Division of Endocrine and Kidney Disease Research, Department of Chronic Disease Convergence Research, Korea National Institute of Health, Korea Disease Control and Prevention Agency, Cheongju-si, Chungcheongbuk-do, Korea.
J Diabetes. 2023 Sep;15(9):777-786. doi: 10.1111/1753-0407.13429. Epub 2023 Jun 14.
Glutamate is a major neurotransmitter, although it causes cytotoxicity and inflammation in nonneuronal organs. This study aimed to investigate the metabolic disorders in which glutamate, associated with type 2 diabetes onset, is induced in the liver.
An analysis of Korean community-based Ansan-Ansung cohort study data as well as functional research using in vitro and mouse models were performed.
Groups with high plasma glutamate levels (T2, T3) had a significantly increased risk of diabetes incidence after 8 years, compared to the group with relatively low glutamate levels (T1). Analysis of the effect of glutamate on diabetes onset in vitro showed that glutamate induces insulin resistance by increasing glucose-related protein 78 (GRP78) and phosphoenolpyruvate carboxykinase (PEPCK) expression in SK-Hep-1 human liver cells. In addition, three different genes, FRMB4B, PLG, and PARD3, were significantly associated with glutamate and were identified via genome-wide association studies. Among glutamate-related genes, plasminogen (PLG) levels were most significantly increased in several environments in which insulin resistance was induced, and was also upregulated by glutamate. Glutamate-induced increase in PLG in liver cells was caused by metabotropic glutamate receptor 5 activation, and PLG levels were also upregulated after extracellular secretion. Moreover, glutamate increased the expression of plasminogen activator inhibitor-1 (PAI-1). Thus, extracellular secreted PLG cannot be converted to plasmin (fibrinolytic enzyme) by increased PAI-1.
Increased glutamate is closely associated with the development of diabetes, and it may cause metabolic disorders by inhibiting the fibrinolytic system, which plays an important role in determining blood clots, a hallmark of diabetes.
谷氨酸是一种主要的神经递质,但它会在非神经元器官中引起细胞毒性和炎症。本研究旨在探讨与 2 型糖尿病发病相关的谷氨酸在肝脏中引起的代谢紊乱。

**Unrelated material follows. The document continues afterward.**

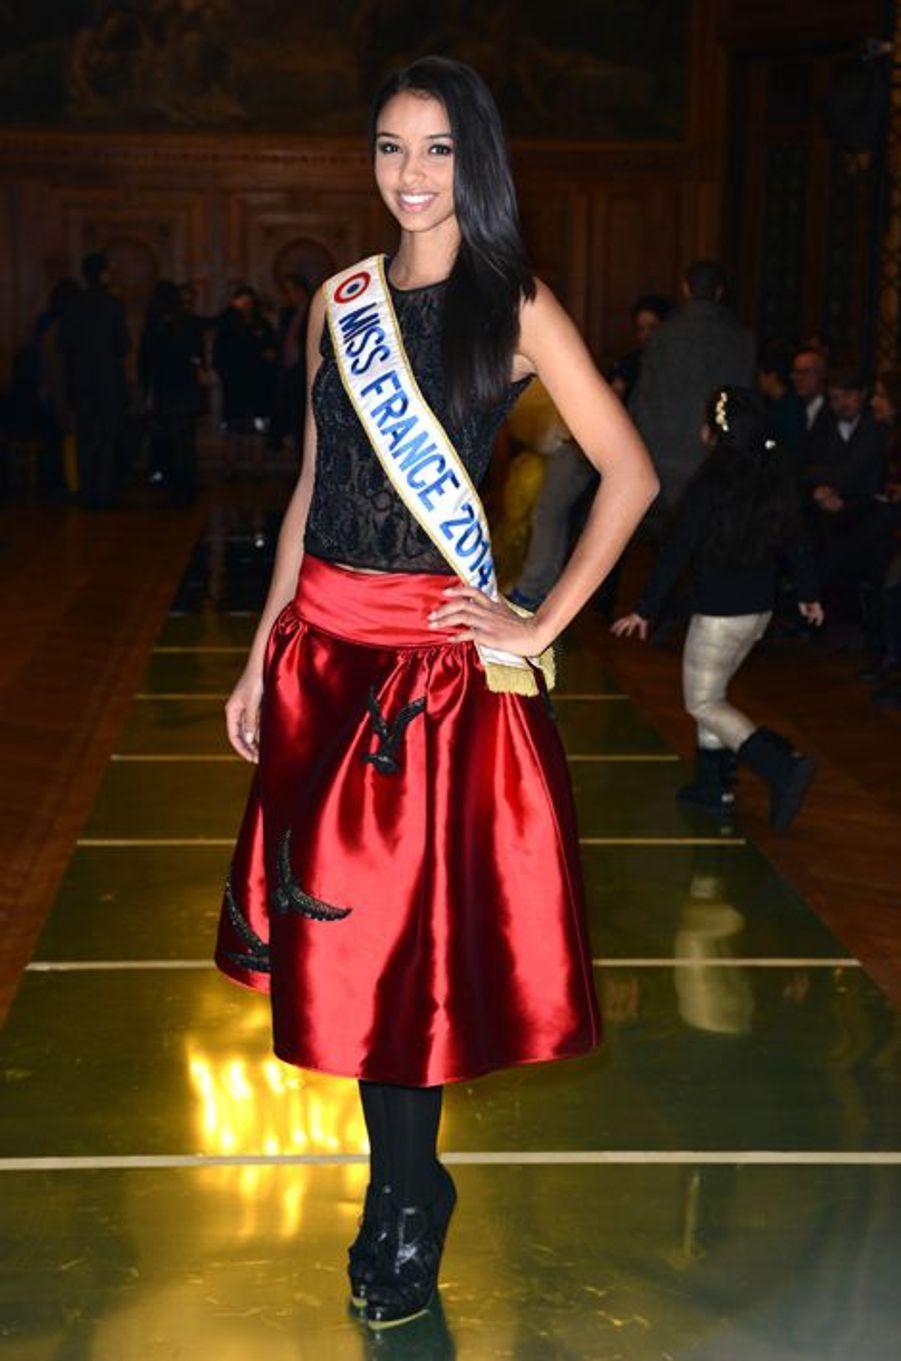 Flora Coquerel au défilé Oscar Carvallo à Paris, le 21 janvier 2014
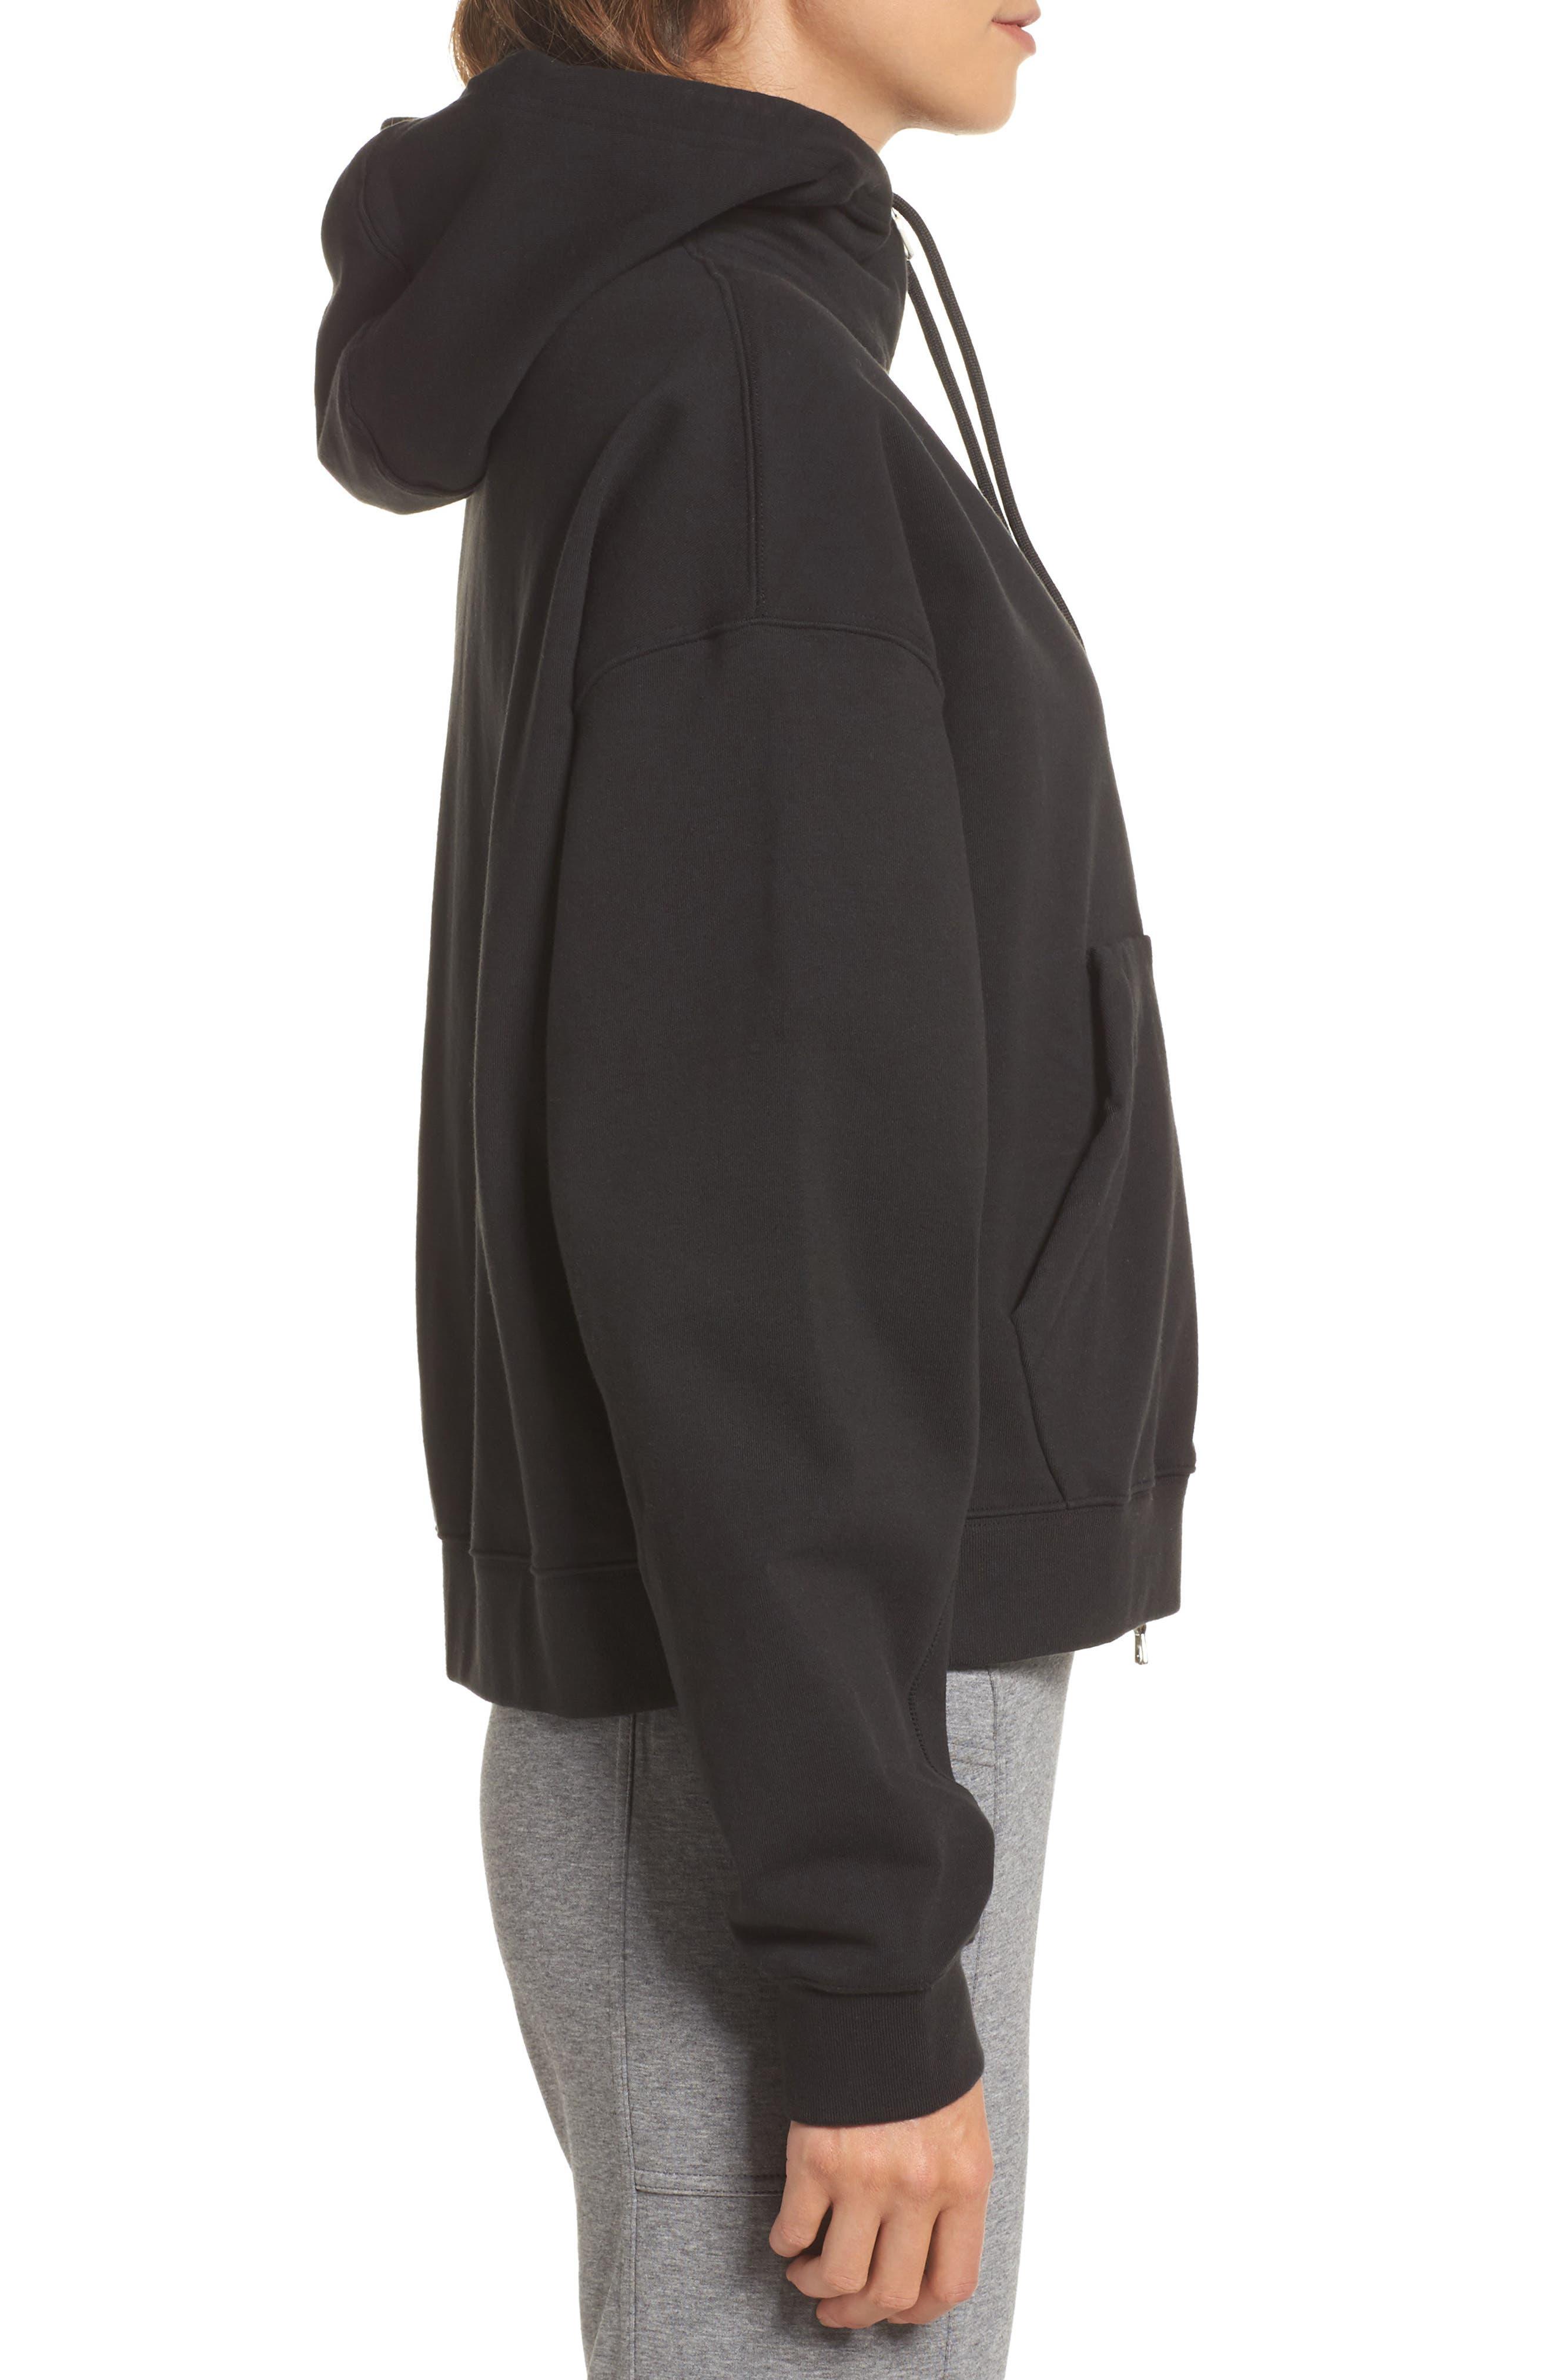 NikeLab Essentials Women's Zip Hoodie,                             Alternate thumbnail 3, color,                             BLACK/ BLACK

对韩国社区安山-安城队列研究数据进行分析,并通过体外和小鼠模型进行功能研究。
与谷氨酸水平相对较低的组(T1)相比,血浆谷氨酸水平较高(T2、T3)的组在 8 年后发生糖尿病的风险显著增加。体外分析谷氨酸对糖尿病发病的影响表明,谷氨酸通过增加葡萄糖相关蛋白 78(GRP78)和磷酸烯醇丙酮酸羧激酶(PEPCK)在 SK-Hep-1 人肝细胞中的表达来诱导胰岛素抵抗。此外,通过全基因组关联研究鉴定了与谷氨酸显著相关的三个不同基因 FRMB4B、PLG 和 PARD3。在与谷氨酸相关的基因中,纤溶酶原(PLG)水平在多种诱导胰岛素抵抗的环境中增加最显著,并且也被谷氨酸上调。谷氨酸诱导肝细胞中 PLG 增加是由代谢型谷氨酸受体 5 激活引起的,细胞外分泌也会导致 PLG 上调。此外,谷氨酸增加了纤溶酶原激活物抑制剂-1(PAI-1)的表达。因此,由于增加的 PAI-1,细胞外分泌的 PLG 不能转化为纤溶酶(纤维蛋白溶解酶)。
谷氨酸水平升高与糖尿病的发生密切相关,它可能通过抑制纤溶系统导致代谢紊乱,纤溶系统在决定血栓形成方面起着重要作用,而血栓形成是糖尿病的一个标志。